We just got to angular momentum which I hear is a non-intuitive concept to grasp at first, and I'm having trouble.
We've got a problem that says,
A man, mass M, stands on a massless rod which is free to rotate about the center in the horizontal plane. The man has a gun (massless) with one bullet, mass m. He shoots the bullet with velocity Vb, horizontally. Find the angular velocity of the man as a function of the angle, theta, which the bullet's velocity vector makes with the rod.
So you've got a guy standing on one end of a rotating rod, and he shoots a bullet from an angle and starts moving.
My prof told me I have to determine first that the angular momentum in the direction we are moving is conserved. To do this, I must show that external torque in that direction is 0.

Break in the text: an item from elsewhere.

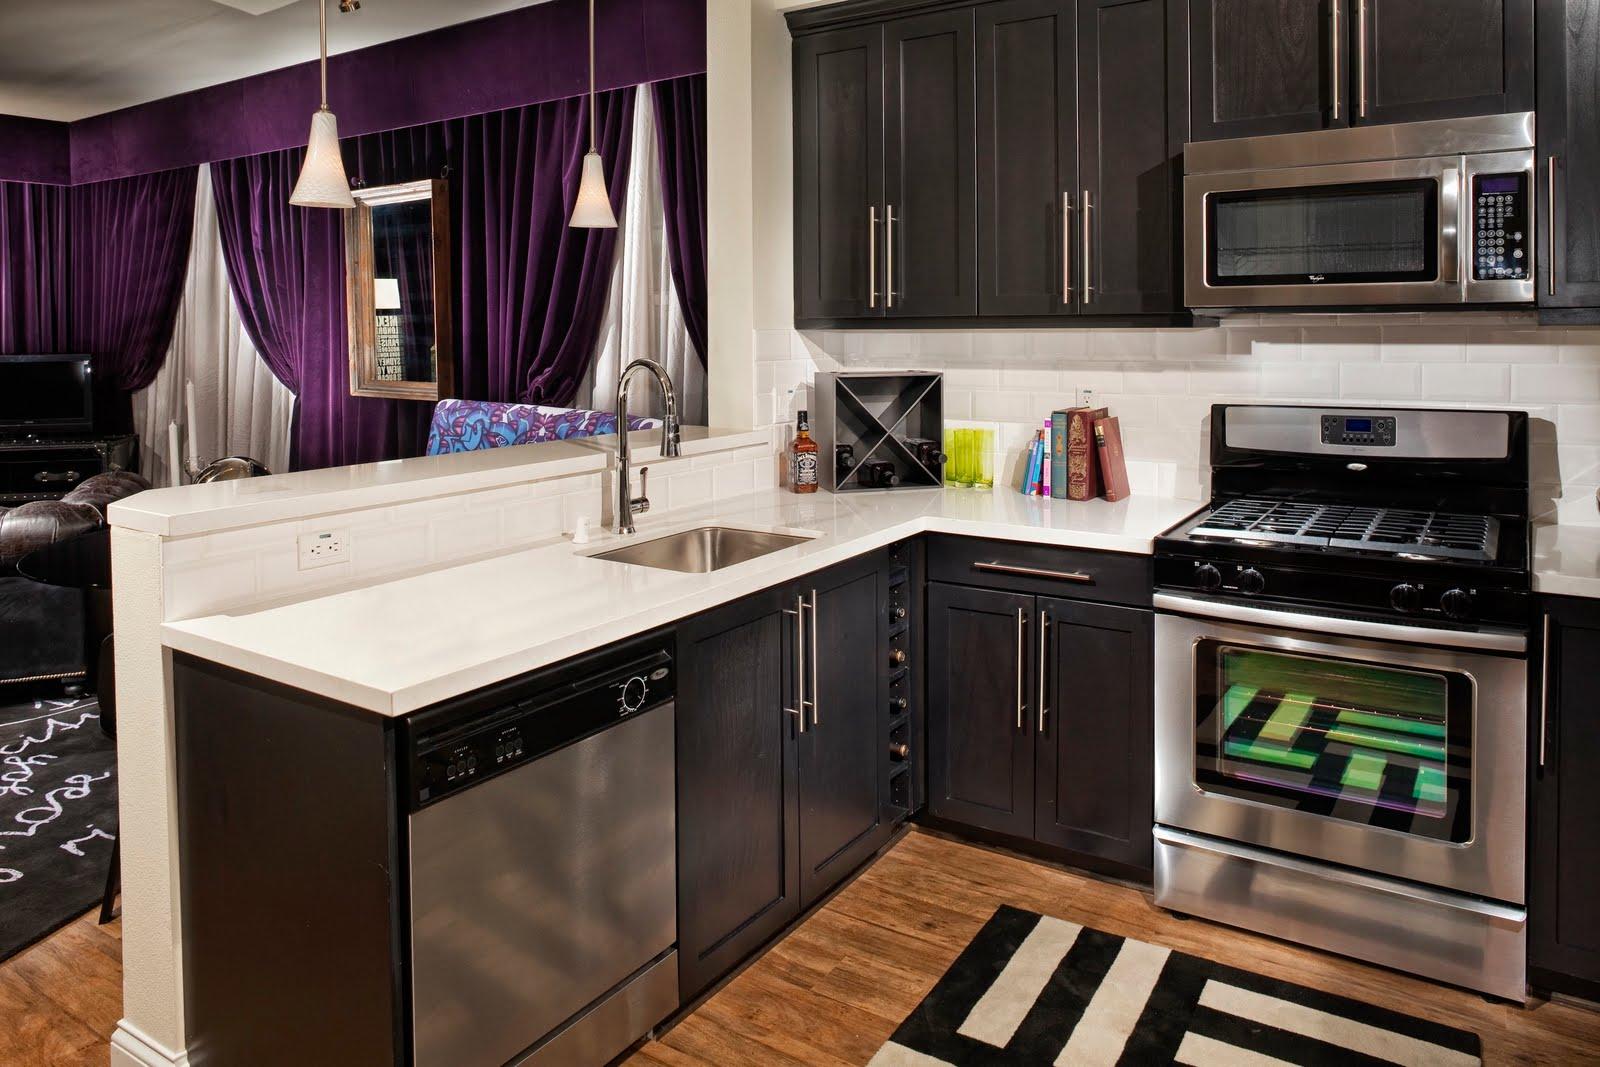 black kitchen cabinets in small kitchen photo - 6

Since it's frictionless, the only two external forces acting on the man are gravity and normal force. When I use right-hand-rule and cross product of those two forces with the r displacement vector from the origin of pivot to the man, I get that their torques are in the horizontal axis, which has nothing to do with the direction I'm interested in.
L = r x p, so to determine the direction of angular momentum for the man, I do r x mv which she said the velocity vector was pointed into the board/paper
So that r x p = angular momentum in the upwards z-direction.
I don't understand why the velocity vector goes into the board? If the man shoots the bullet in that direction, he's going to move outwards from shooting the bullet inwards.
If anybody could clear up this one conceptual misunderstanding for me (which I've been looking all over the internet to try to understand) I would greatly appreciate it.